Our second paper, “Robust financial calibration: a Bayesian approach for neural stochastic differential equations” by Christa Cuchiero, Eva Flonner and Kevin Kurt, introduces a Bayesian framework for calibrating neural stochastic differential equation (SDE) models (that is, SDEs whose coefficients are (over)parameterized by artificial neural networks) to both time series of quoted option prices and the historical price paths of the underlying asset. The resulting posterior distribution allows the computation of an uncertainty measure of predicted option prices and can be seen as a Bayesian variant of the approach by Patrick Gierjatowicz et al, published in this journal in 2022. Cuchiero et al’s approach also improves the calibration robustness compared with Alok Gupta and Christoph Reisinger’s 2014 paper, “Robust calibration of financial models using Bayesian estimators”. The findings of Cuchiero et al show reduced uncertainty bounds for the Bayesian neural SDE model.

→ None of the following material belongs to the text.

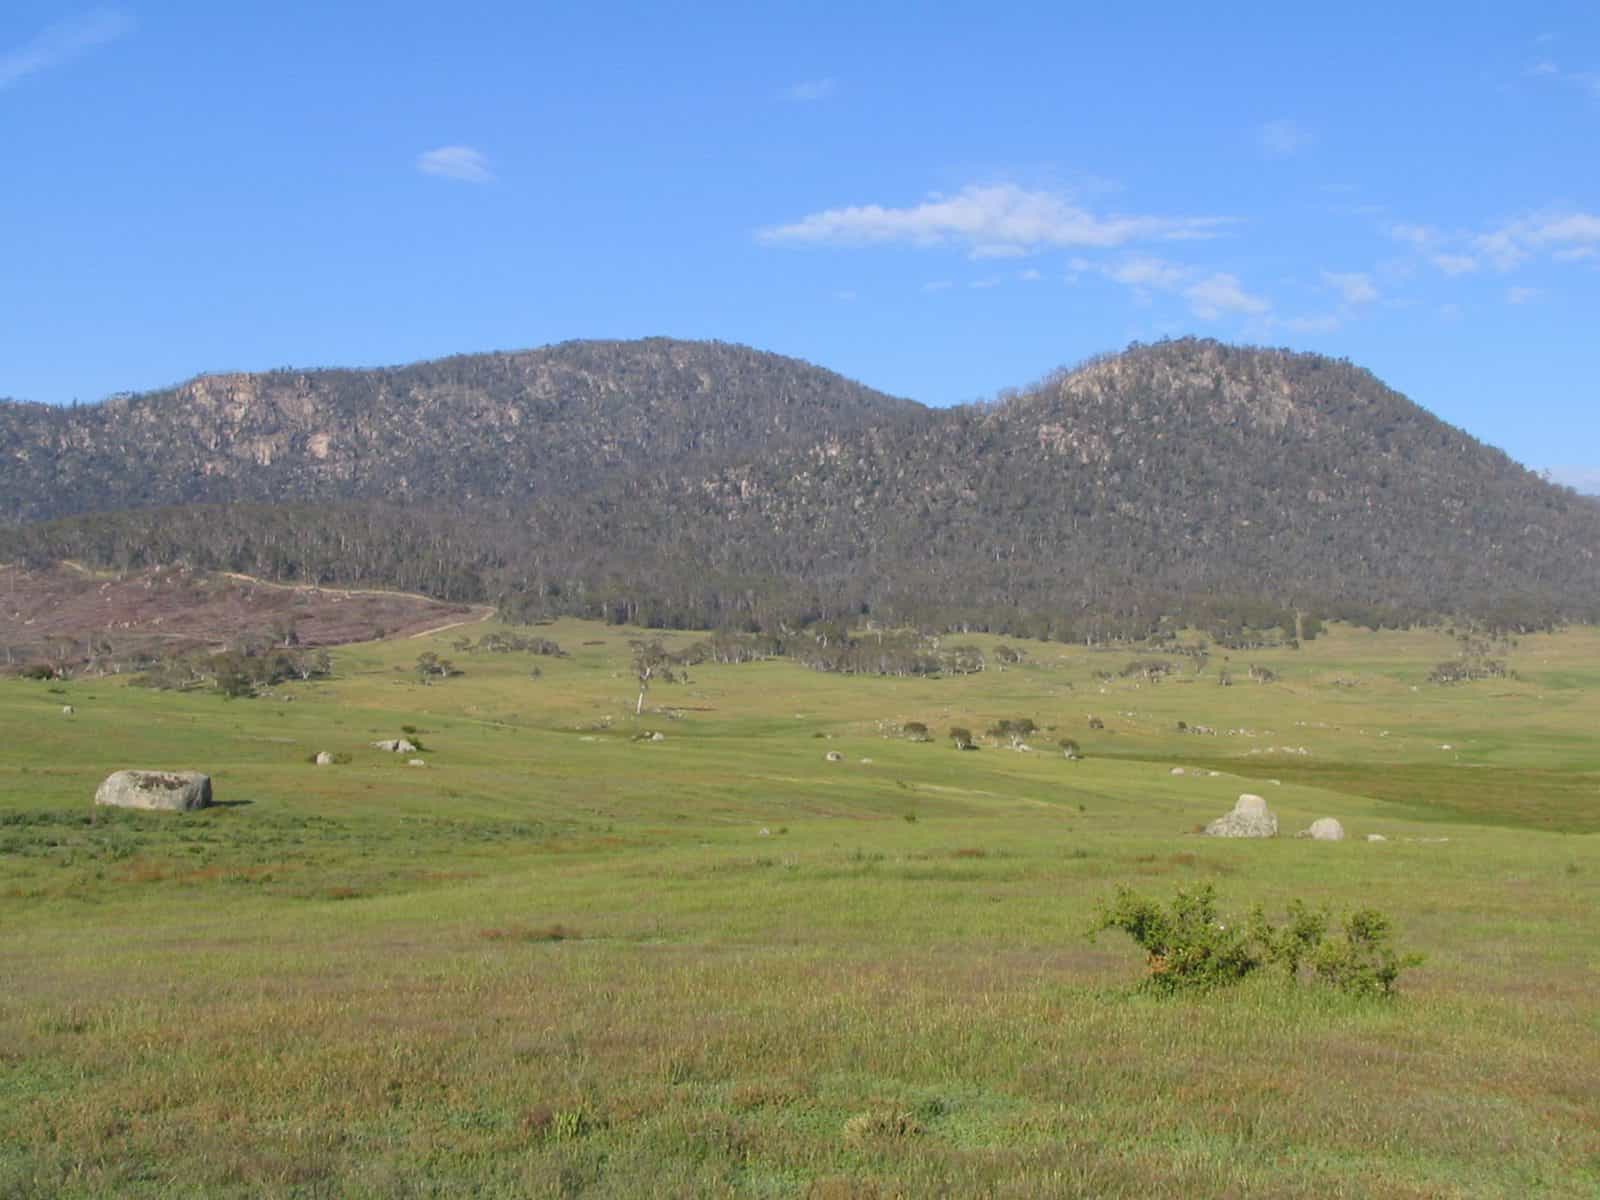 View of ranges with expansive grasslands in the foreground

Finally, in “Finite-difference solution ansatz approach in least-squares Monte Carlo”, the third paper in this issue, Jiawei Huo proposes the use of finite-difference solutions to construct control variates in the least-squares regression Monte Carlo estimation of conditional expectation values of financial products. Applications to Bermudan option pricing and valuation adjustment computations demonstrate the achieved variance reduction.

I wish you an enjoyable read.